--- START ---
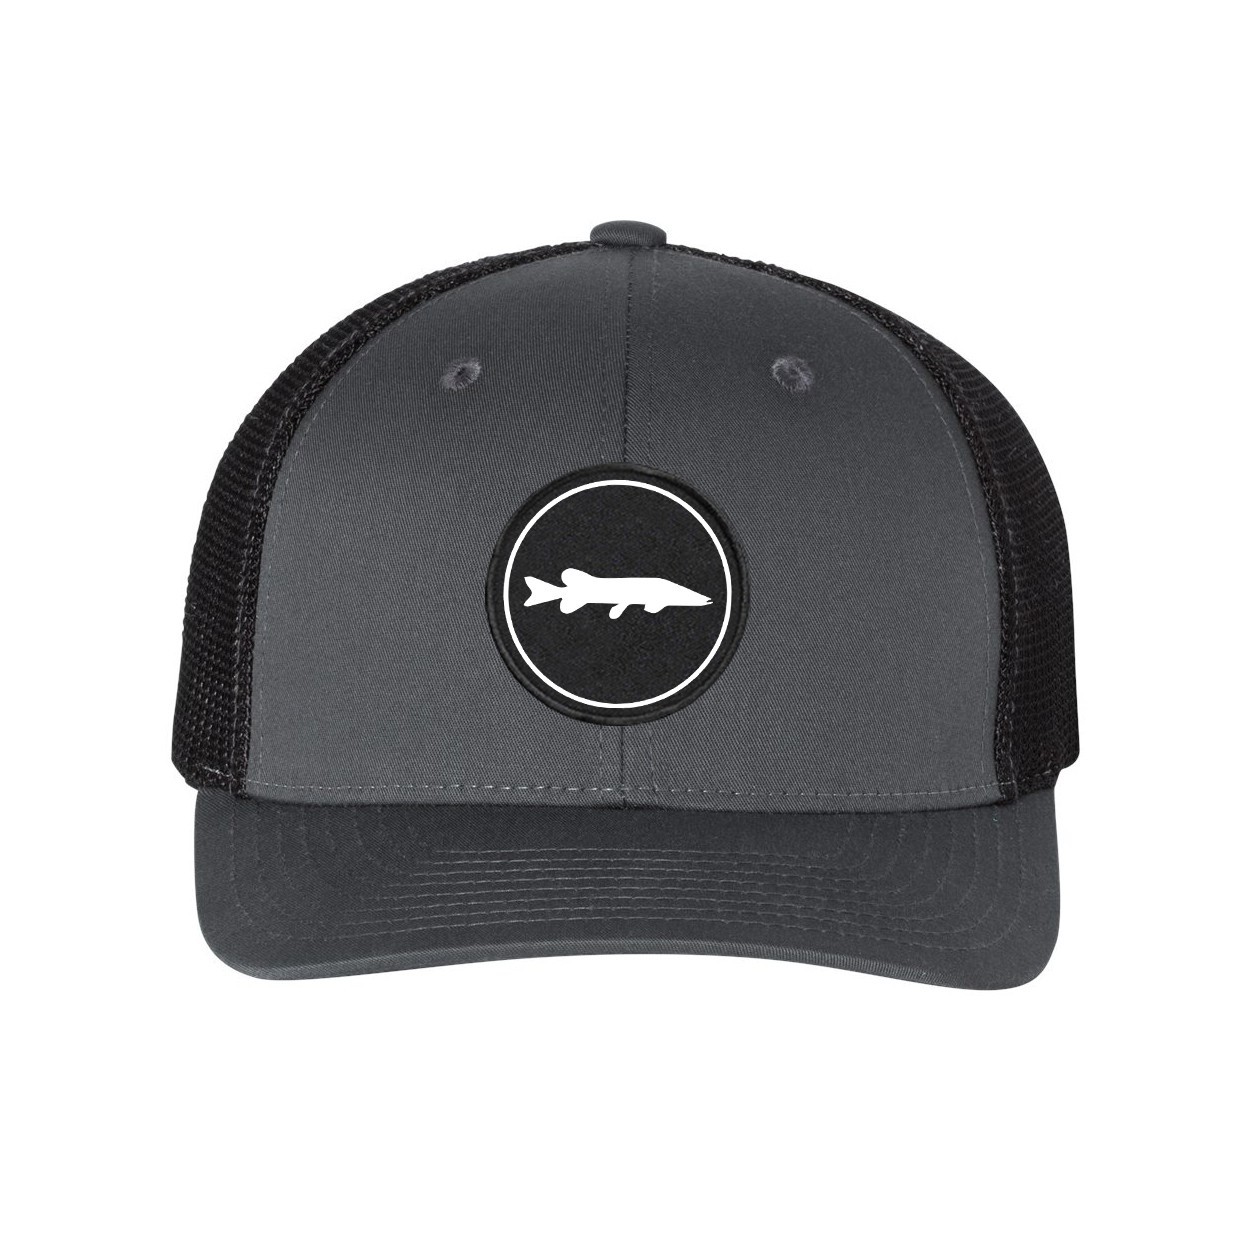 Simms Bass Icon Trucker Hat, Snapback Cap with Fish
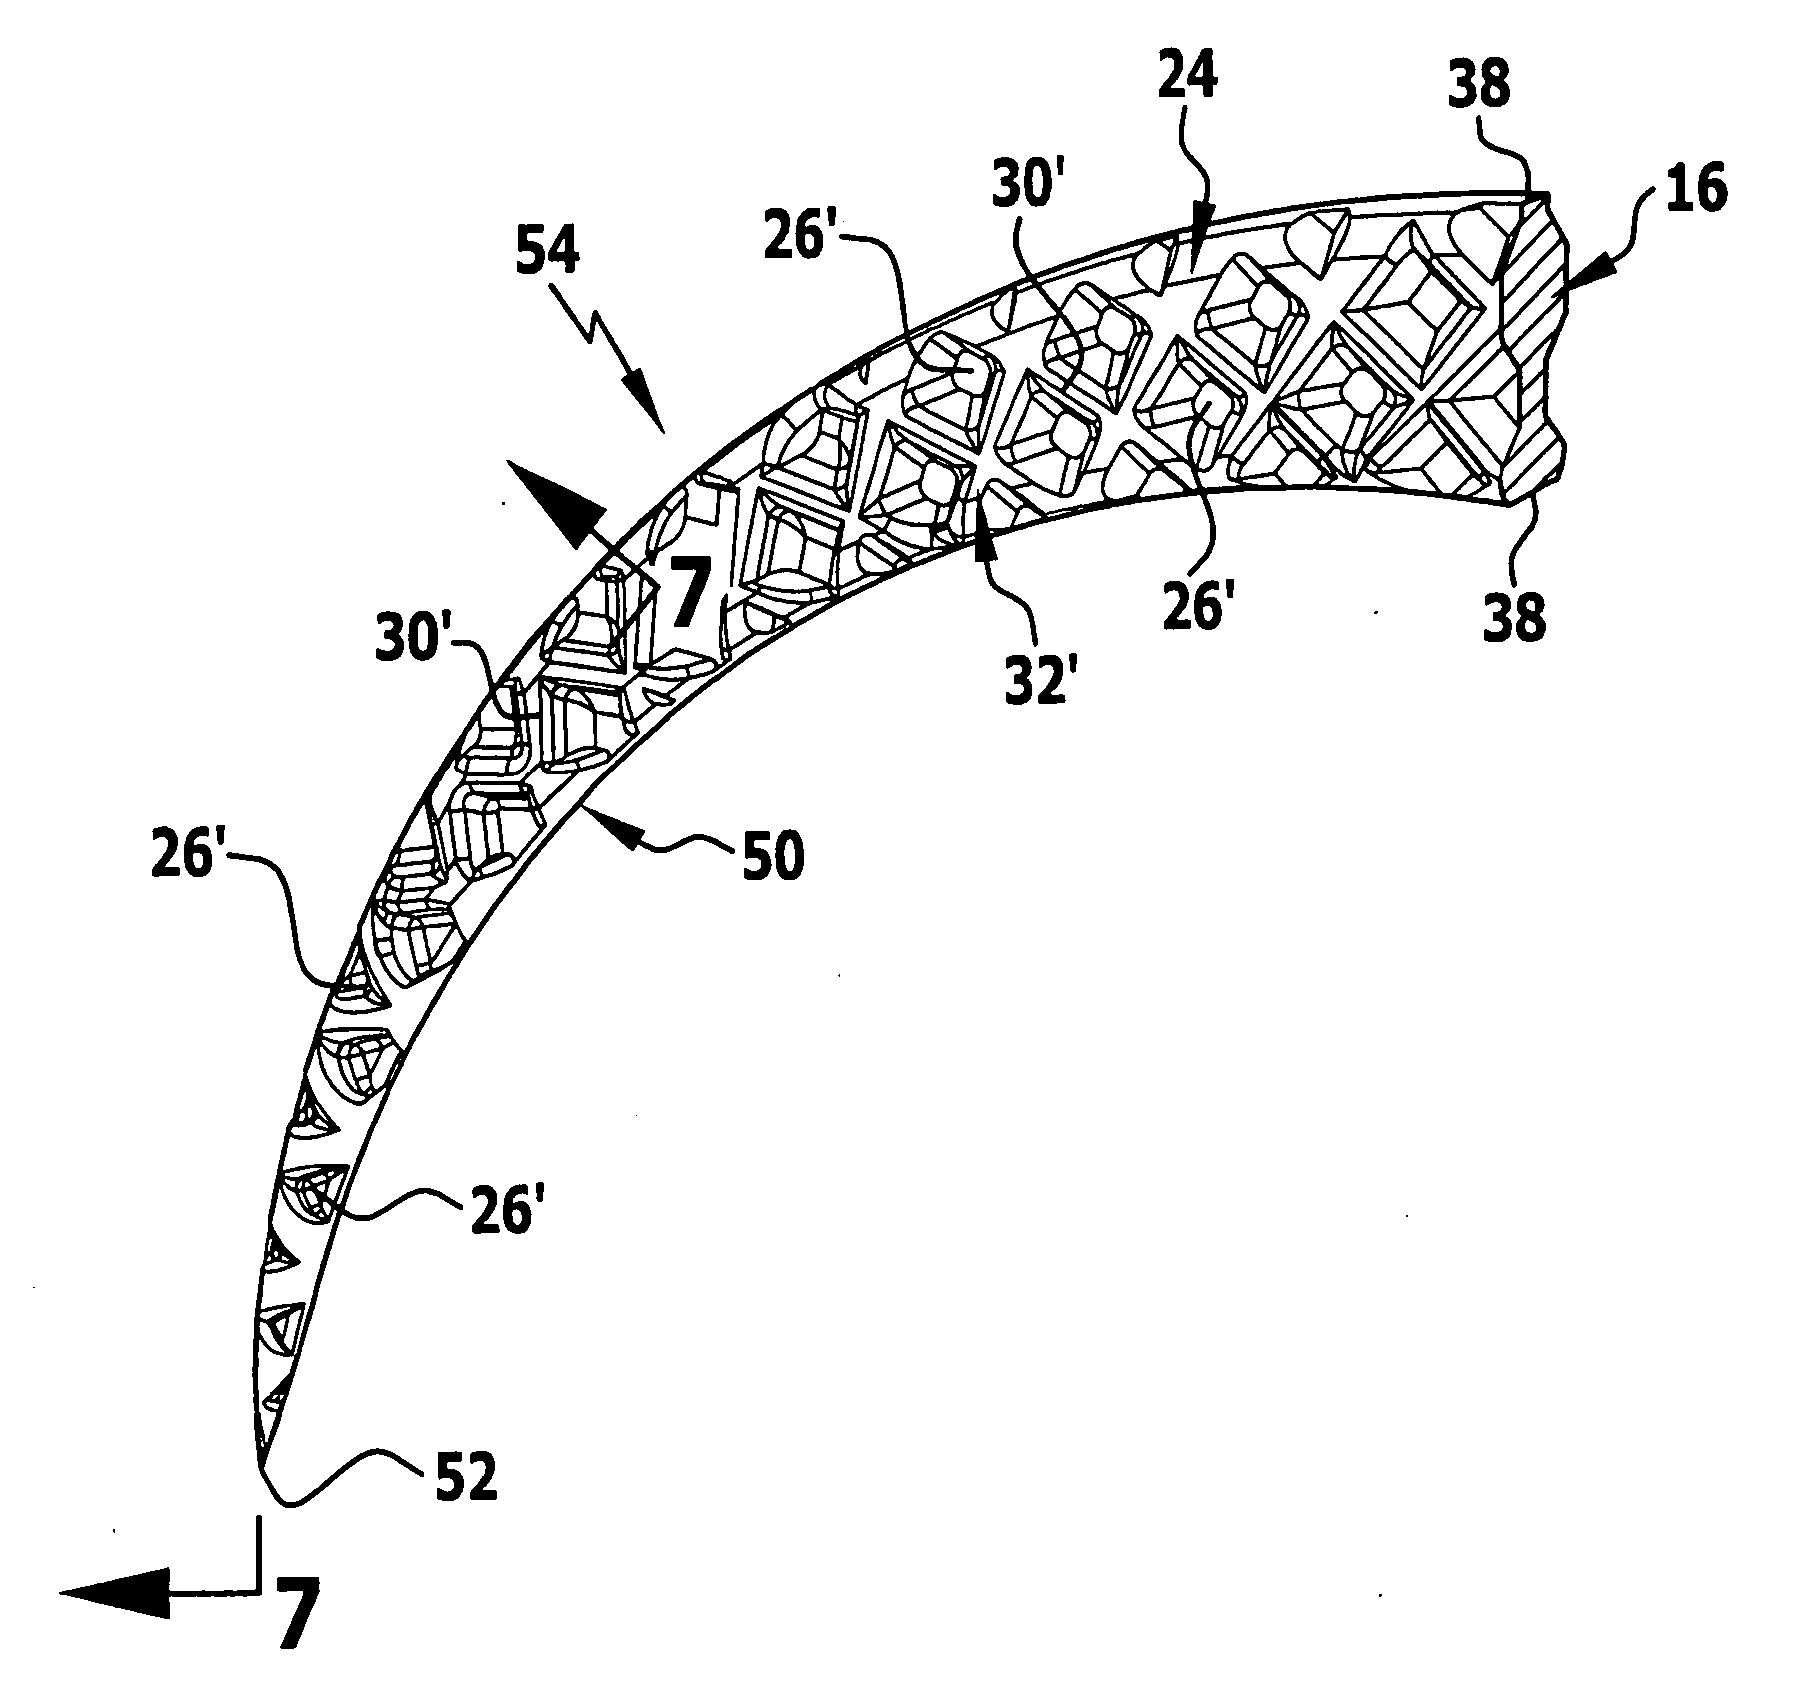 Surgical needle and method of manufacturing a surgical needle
--- END ---
--- START ---
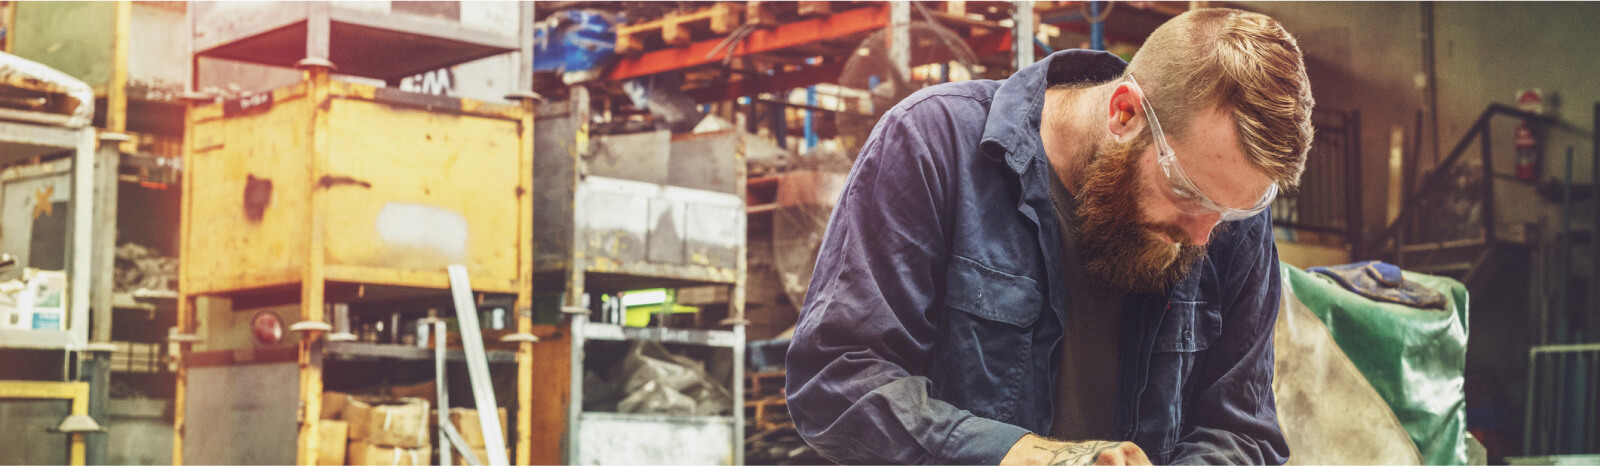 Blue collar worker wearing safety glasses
--- END ---
--- START ---
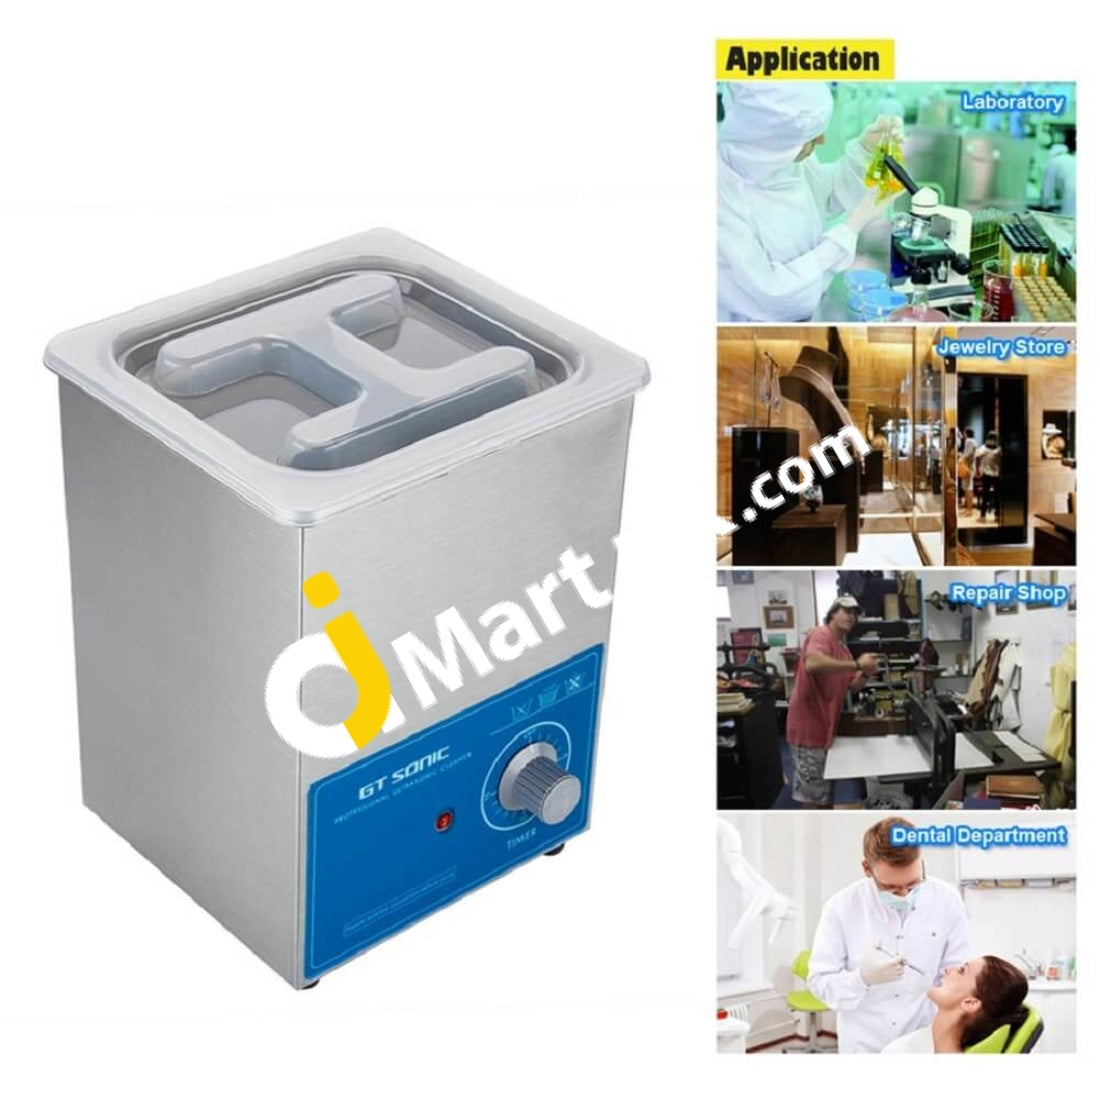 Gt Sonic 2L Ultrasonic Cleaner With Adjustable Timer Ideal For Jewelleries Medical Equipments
--- END ---
* **The task**:
Range to copy from the listing above: the line with "Simms Bass Icon" through the line with "Surgical needle and". Transcribe it exactly and skip the pictures.

* **Output below**:
 Simms Bass Icon Trucker Hat, Snapback Cap with Fish
 Surgical needle and method of manufacturing a surgical needle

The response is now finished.